Não há dúvida de que a construção da usina beneficiará significativamente os mercados locais de aço e poderá atrair aço para construção de diversas partes da China, especialmente considerando que o projeto é de três a quatro vezes maior que a Usina de Três Gargantas, acrescentou Atilla.

O Bradesco BBI ressalta que os contratos futuros de minério de ferro subiram US$ 4/t (tonelada), apoiados pelo compromisso renovado das autoridades chinesas de eliminar gradualmente a capacidade industrial obsoleta, juntamente com o anúncio de um projeto de mega-barragem no Tibete.

“Na sexta-feira, a Associação Chinesa de Ferro e Aço (Chinesa Iron and Steel Association) informou ter realizado uma reunião com grandes siderúrgicas e o chefe do departamento de aço do Ministério da Indústria, na qual os participantes prometeram intensificar os esforços.

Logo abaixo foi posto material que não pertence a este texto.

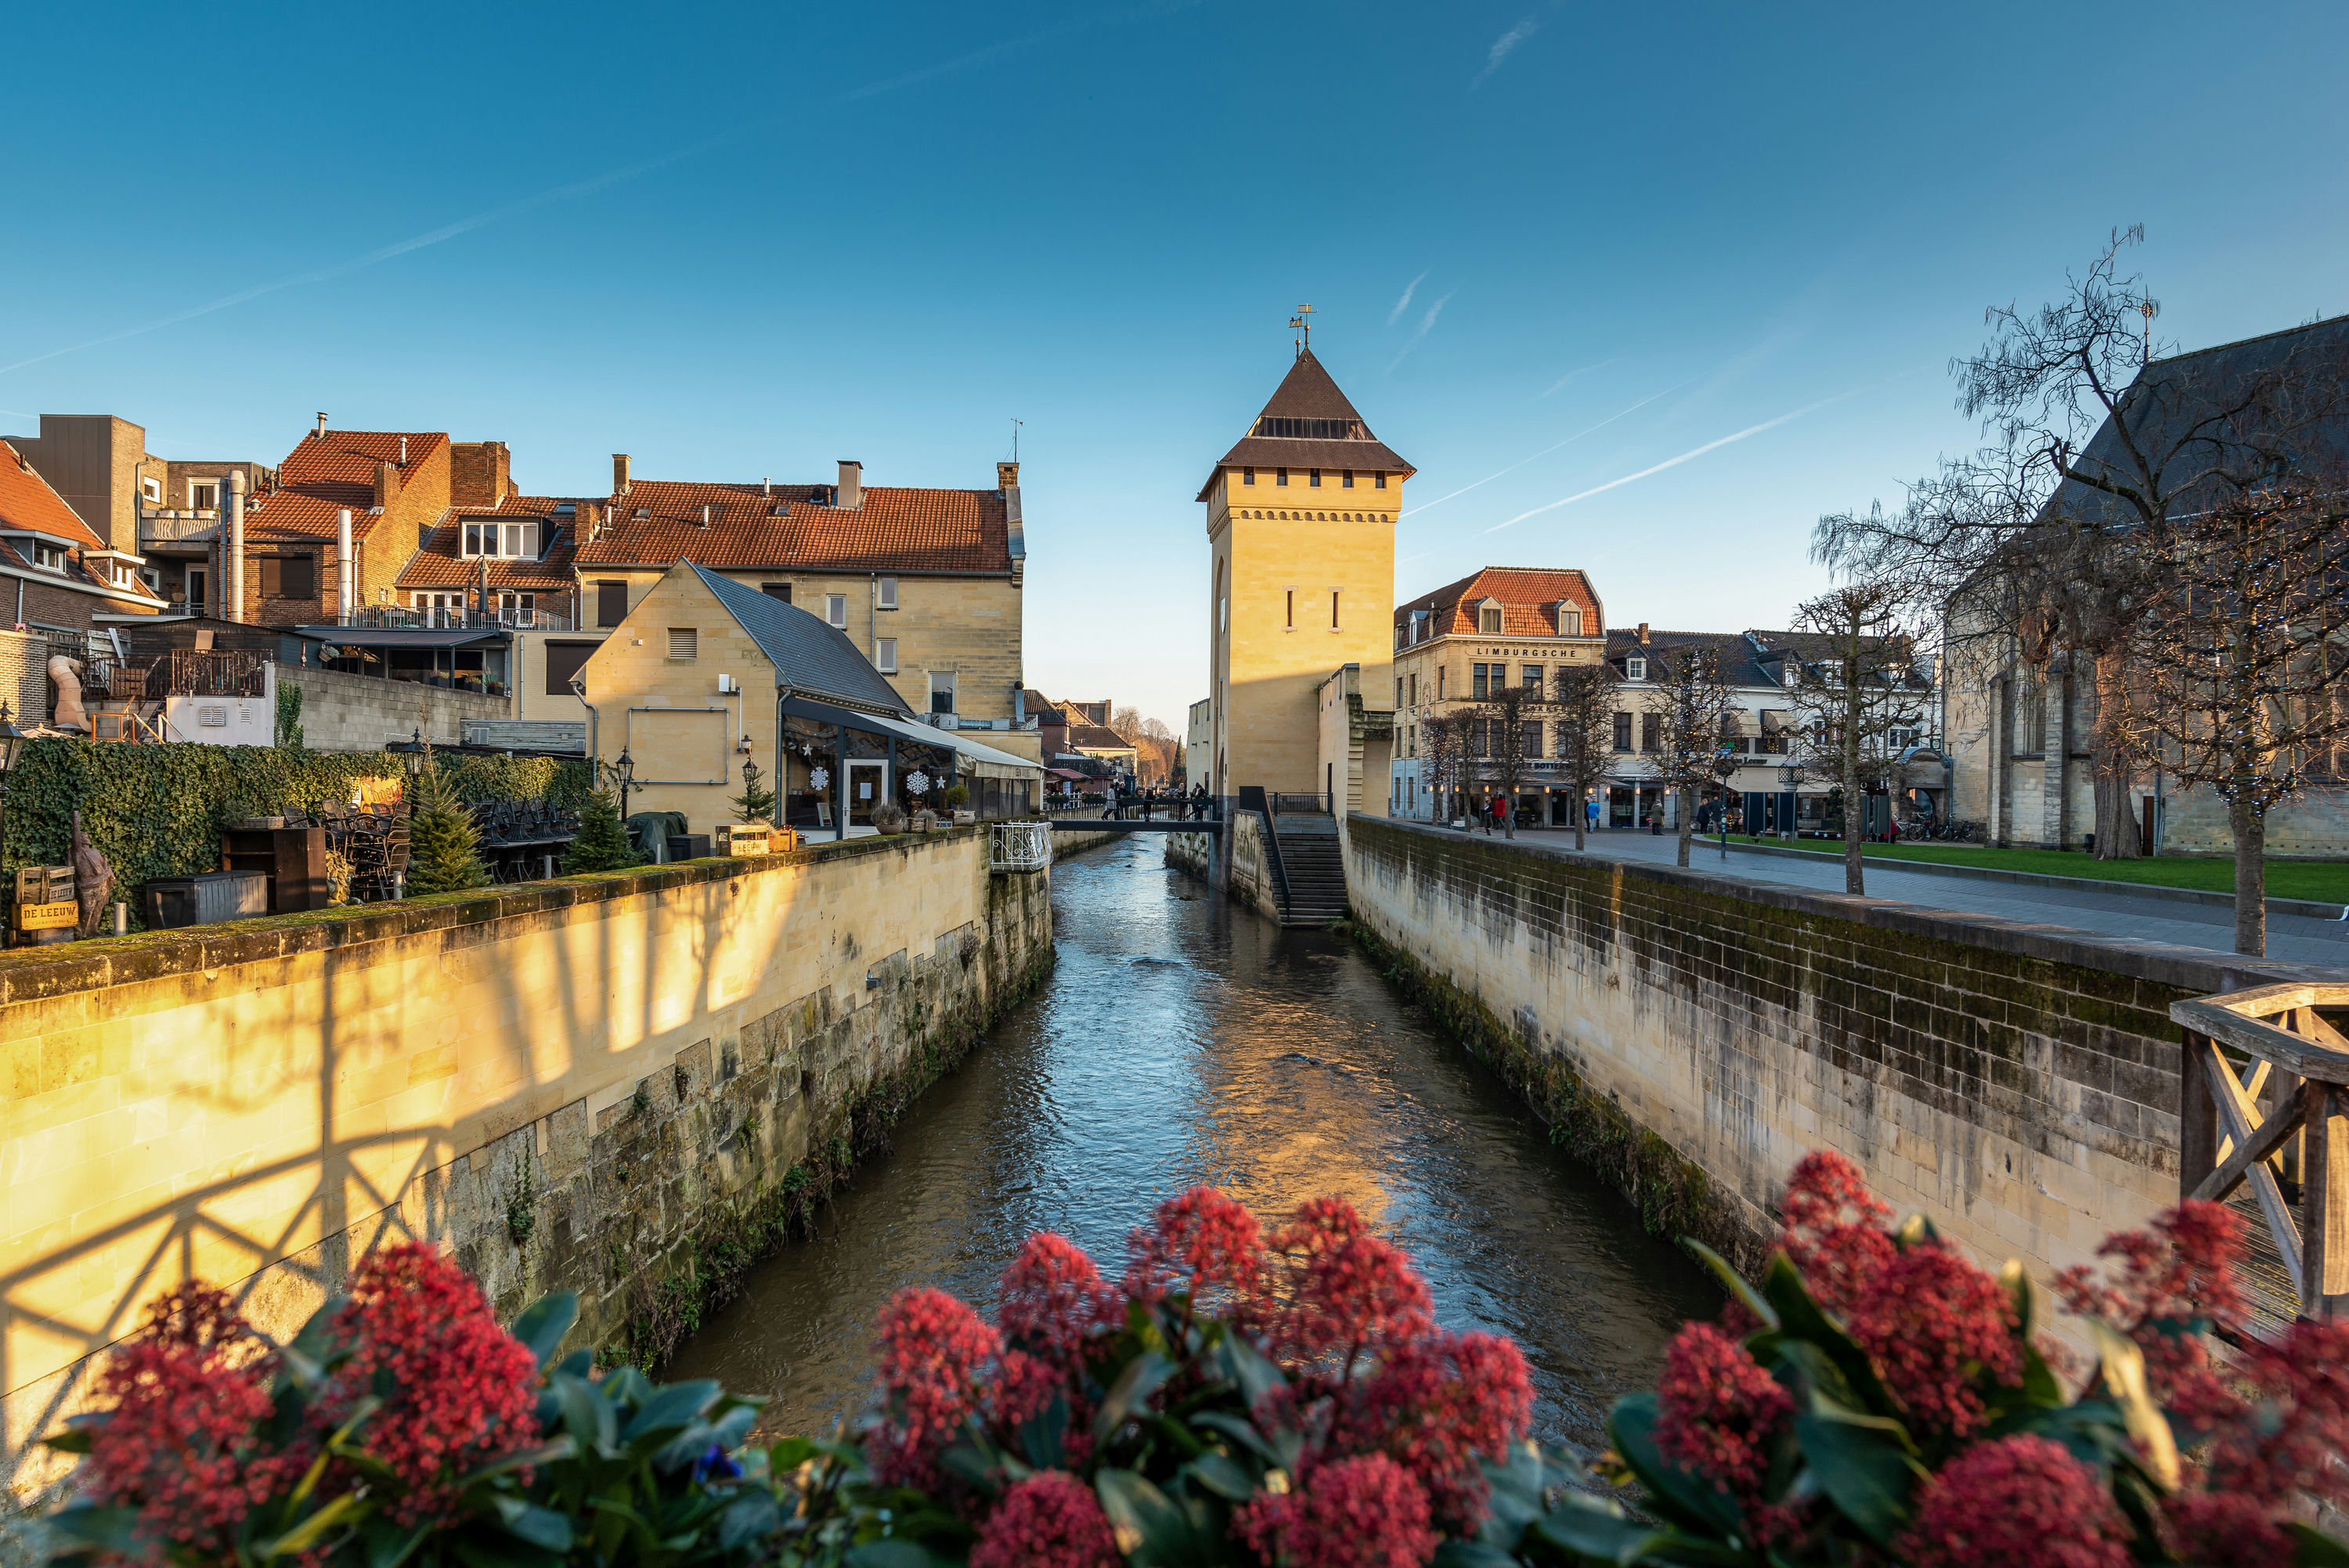 Visit Valkenburg where history unfolds from the Roman Empire to the present day

Enquanto isso, em uma coletiva de imprensa no mesmo dia, o Ministério da Indústria e Tecnologia da Informação do país afirmou que a China lançará uma nova rodada de programas para estabilizar o crescimento, pressionando pela eliminação da capacidade obsoleta em 10 setores-chave, incluindo o aço”, aponta o BBI.

O BBI também ressaltou que o projeto no rio Yarlung Tsangpo, no Tibete. “Espera-se que o projeto impulsione a demanda por materiais de construção. Positivo para a Vale, com classificação outperform (desempenho acima da média do mercado), e a CSN, com recomendação neutra. Apesar da sazonalidade mais fraca, os preços do minério de ferro continuam a apresentar forte impulso, já que o crescente fluxo de notícias sobre o compromisso da China de reduzir a capacidade obsoleta continua a sustentar o sentimento do mercado”, avalia o banco.